§ **ACTIVITY**
Skip any image you find and restate the rest of the data word for word.

§ **SOURCE MATERIAL**
Segment Open
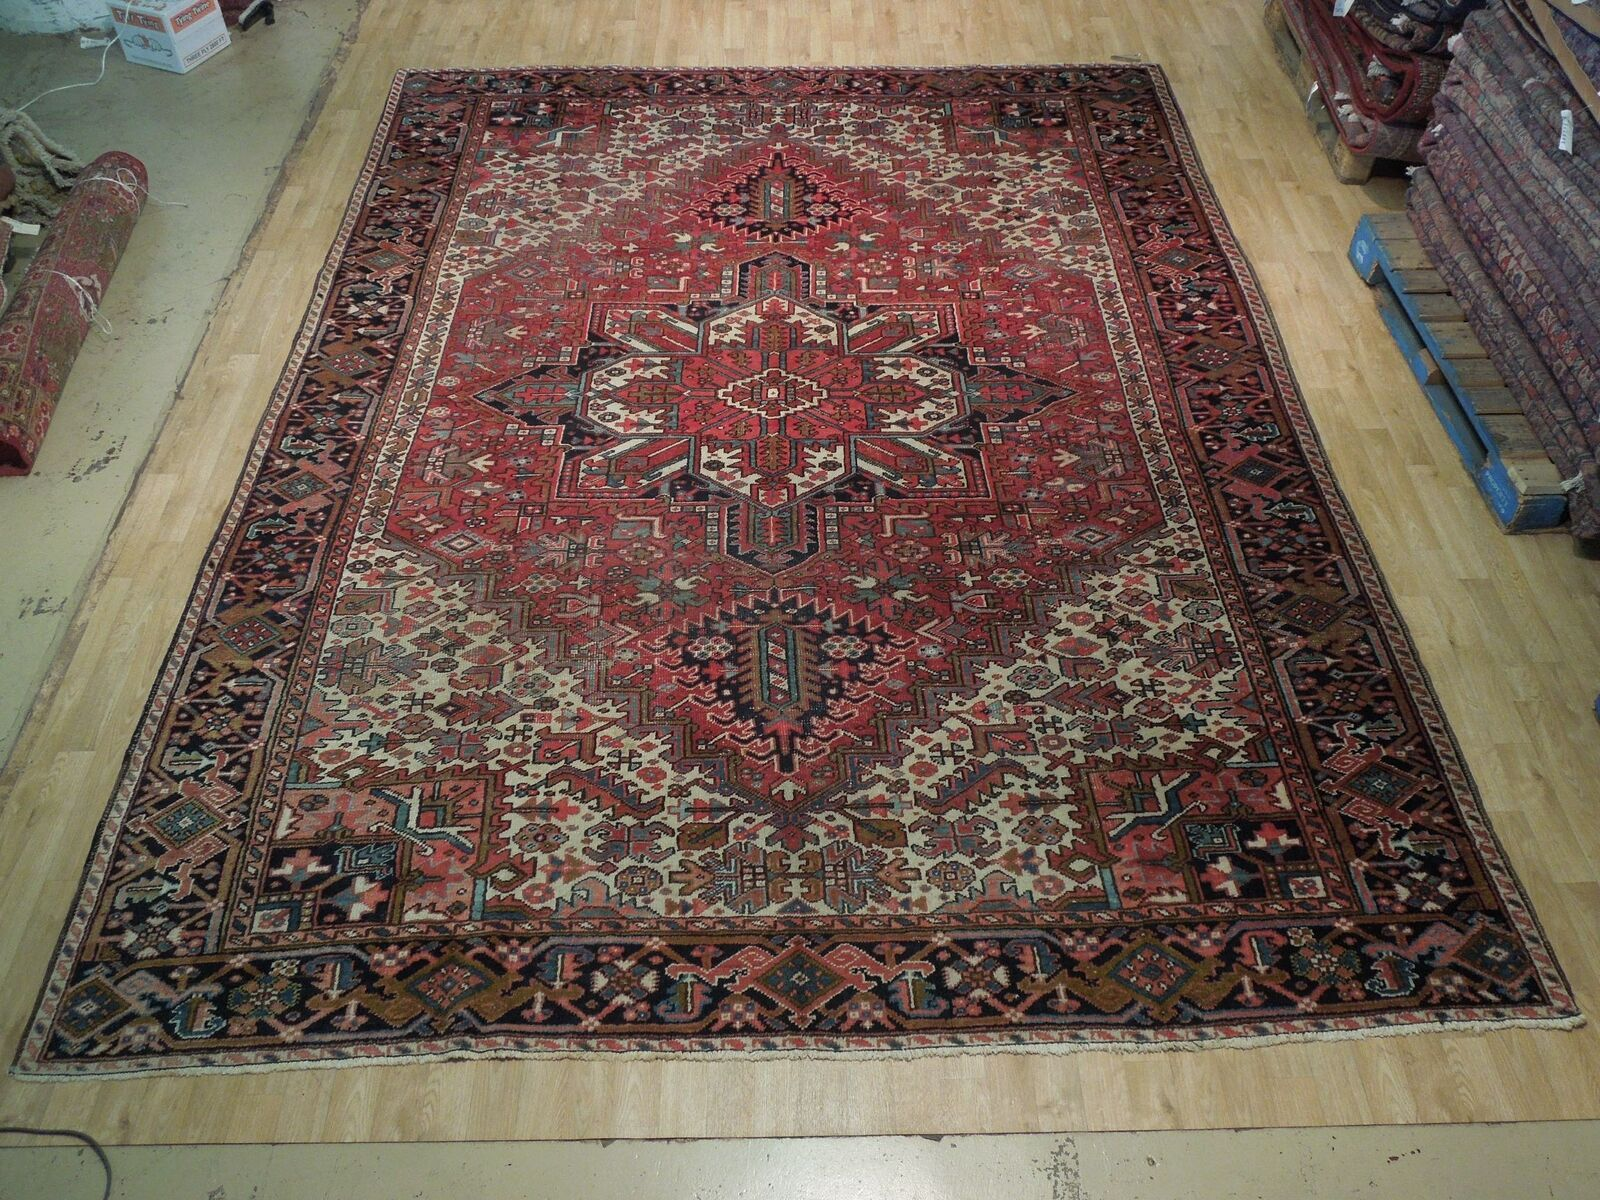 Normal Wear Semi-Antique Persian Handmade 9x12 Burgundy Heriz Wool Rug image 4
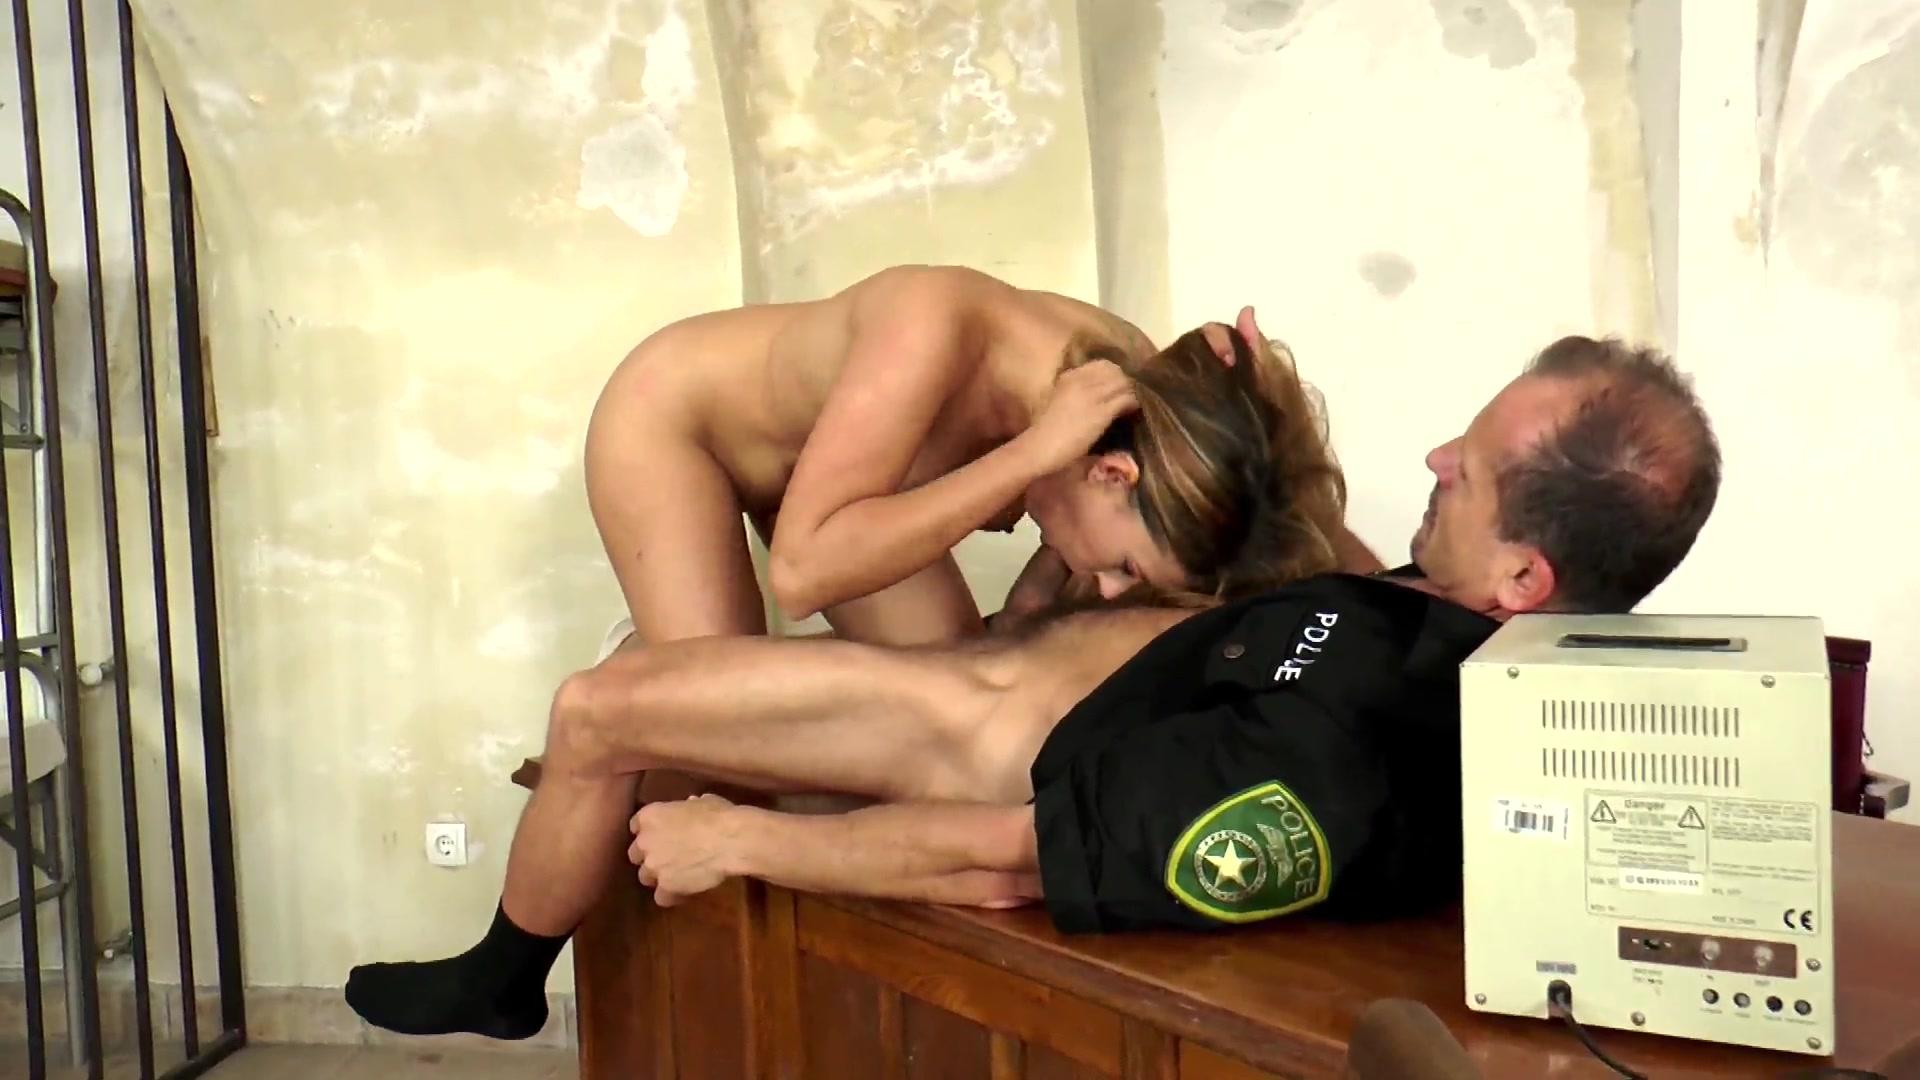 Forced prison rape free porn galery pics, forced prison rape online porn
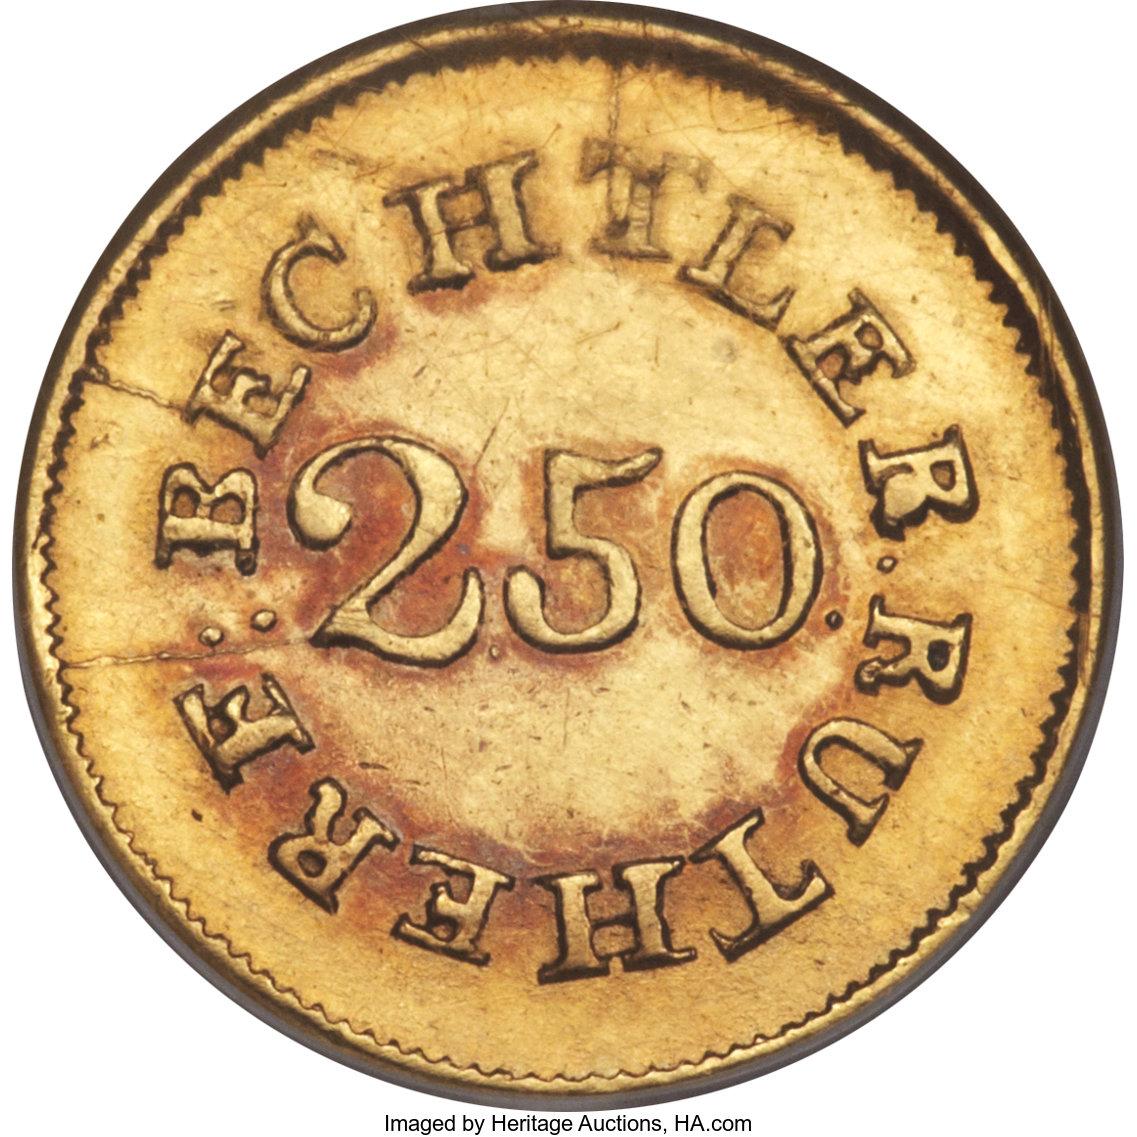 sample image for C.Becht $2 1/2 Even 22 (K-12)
Segment Closed
§ **REPLY**
 Normal Wear Semi-Antique Persian Handmade 9x12 Burgundy Heriz Wool Rug image 4
 Forced prison rape free porn galery pics, forced prison rape online porn
 sample image for C.Becht $2 1/2 Even 22 (K-12)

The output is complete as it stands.